(EXTRACTED RECORDS Opens)

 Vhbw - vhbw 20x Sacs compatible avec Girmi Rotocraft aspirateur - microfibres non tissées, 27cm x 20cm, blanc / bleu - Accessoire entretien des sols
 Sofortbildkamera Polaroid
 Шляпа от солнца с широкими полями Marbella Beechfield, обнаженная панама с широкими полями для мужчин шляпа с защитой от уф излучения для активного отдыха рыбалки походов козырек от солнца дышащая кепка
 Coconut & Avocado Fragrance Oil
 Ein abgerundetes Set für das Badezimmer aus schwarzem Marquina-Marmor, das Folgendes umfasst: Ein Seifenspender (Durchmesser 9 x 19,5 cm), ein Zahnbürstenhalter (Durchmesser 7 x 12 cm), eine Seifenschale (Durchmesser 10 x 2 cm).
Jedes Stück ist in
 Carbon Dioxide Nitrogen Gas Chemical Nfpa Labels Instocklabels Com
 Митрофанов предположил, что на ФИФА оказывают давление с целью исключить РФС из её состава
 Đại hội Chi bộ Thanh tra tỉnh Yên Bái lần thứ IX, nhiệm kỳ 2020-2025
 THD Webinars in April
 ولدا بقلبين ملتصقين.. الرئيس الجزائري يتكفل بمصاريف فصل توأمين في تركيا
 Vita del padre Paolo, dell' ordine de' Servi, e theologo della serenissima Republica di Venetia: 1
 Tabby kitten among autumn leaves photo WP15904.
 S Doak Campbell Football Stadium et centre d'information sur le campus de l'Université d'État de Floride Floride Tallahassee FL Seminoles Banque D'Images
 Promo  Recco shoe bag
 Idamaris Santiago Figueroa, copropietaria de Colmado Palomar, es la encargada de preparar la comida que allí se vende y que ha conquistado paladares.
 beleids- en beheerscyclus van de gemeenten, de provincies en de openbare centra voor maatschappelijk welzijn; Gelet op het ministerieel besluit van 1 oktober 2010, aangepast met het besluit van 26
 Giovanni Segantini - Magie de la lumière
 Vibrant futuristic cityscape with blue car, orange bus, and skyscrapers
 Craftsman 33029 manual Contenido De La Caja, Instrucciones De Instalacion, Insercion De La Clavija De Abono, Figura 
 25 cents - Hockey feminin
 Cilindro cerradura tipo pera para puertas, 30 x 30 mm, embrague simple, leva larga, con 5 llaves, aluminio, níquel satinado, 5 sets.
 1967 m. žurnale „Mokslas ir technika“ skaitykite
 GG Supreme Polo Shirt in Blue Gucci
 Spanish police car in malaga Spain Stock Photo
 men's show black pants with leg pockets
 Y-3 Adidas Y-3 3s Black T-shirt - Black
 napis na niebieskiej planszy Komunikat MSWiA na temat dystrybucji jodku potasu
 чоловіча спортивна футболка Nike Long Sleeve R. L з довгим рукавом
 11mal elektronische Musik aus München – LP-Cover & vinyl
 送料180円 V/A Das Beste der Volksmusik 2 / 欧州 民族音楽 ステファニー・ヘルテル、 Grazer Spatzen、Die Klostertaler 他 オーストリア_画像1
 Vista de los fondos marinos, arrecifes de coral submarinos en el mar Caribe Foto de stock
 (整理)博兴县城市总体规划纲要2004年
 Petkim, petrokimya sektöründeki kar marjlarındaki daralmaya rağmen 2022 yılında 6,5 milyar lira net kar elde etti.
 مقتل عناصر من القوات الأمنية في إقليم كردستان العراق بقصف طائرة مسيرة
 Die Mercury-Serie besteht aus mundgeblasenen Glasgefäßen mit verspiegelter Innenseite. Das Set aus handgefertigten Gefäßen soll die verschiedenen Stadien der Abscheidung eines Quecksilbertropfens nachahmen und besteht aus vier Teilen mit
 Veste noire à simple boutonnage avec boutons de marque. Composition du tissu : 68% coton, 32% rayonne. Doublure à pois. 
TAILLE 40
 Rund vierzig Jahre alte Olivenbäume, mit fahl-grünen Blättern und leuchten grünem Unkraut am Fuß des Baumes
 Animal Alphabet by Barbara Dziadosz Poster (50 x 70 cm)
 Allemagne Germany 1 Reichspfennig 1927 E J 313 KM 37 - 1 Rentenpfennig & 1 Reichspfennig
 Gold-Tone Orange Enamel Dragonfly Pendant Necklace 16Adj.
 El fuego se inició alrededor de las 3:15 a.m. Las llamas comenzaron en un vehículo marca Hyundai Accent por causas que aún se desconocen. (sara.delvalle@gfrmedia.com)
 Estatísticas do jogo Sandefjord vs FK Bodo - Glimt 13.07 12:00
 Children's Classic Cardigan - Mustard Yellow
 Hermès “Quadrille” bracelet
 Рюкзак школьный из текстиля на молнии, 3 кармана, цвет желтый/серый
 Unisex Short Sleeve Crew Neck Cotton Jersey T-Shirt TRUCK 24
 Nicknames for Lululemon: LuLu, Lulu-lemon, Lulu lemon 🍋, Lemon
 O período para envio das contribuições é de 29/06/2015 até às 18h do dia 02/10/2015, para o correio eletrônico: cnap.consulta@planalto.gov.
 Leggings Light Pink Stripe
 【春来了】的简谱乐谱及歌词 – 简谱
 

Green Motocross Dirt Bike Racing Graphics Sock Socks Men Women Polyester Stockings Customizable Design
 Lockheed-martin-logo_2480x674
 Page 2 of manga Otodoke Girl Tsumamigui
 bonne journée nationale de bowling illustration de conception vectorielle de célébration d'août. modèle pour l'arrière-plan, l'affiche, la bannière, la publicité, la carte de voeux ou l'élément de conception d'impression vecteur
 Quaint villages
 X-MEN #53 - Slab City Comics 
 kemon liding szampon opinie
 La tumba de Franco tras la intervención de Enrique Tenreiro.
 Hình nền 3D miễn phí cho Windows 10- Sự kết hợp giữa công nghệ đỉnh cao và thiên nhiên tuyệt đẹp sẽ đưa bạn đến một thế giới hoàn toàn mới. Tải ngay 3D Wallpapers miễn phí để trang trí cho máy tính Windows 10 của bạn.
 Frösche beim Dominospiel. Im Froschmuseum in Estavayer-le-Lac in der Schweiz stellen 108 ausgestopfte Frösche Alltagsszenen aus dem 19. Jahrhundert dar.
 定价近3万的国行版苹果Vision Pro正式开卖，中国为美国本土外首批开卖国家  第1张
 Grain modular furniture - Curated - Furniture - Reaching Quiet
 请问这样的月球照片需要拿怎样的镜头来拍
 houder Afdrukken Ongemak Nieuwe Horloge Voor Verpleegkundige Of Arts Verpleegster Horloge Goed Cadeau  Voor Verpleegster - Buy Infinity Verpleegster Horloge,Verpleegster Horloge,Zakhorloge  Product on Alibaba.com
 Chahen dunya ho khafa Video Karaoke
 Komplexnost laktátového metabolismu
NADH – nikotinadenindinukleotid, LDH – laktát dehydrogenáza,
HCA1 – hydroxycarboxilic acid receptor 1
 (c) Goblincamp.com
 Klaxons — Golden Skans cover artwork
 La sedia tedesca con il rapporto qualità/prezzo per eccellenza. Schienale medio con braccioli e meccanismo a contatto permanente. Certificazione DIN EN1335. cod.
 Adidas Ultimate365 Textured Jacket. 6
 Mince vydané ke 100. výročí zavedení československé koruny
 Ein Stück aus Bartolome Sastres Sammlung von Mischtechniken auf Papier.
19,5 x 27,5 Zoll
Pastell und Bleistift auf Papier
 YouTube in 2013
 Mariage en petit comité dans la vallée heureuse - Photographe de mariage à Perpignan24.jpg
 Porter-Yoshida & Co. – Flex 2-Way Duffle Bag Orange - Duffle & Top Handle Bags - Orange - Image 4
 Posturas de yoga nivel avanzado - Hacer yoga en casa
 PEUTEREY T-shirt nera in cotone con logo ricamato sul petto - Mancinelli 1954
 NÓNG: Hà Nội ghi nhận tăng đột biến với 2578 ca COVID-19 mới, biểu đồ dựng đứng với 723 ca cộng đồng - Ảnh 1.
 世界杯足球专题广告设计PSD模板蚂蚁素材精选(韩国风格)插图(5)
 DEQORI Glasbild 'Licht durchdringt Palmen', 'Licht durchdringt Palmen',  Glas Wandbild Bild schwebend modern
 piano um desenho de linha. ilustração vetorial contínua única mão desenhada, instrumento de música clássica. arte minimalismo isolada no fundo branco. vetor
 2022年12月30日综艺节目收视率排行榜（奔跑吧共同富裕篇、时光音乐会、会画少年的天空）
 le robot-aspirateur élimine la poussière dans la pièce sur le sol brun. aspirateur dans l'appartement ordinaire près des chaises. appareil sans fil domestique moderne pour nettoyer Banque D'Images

(EXTRACTED RECORDS Closes)

--- ACTIVITY ---
Please give only the number of lines in the listing that hold the word "simple".

--- EXERCISE RESPONSE ---
2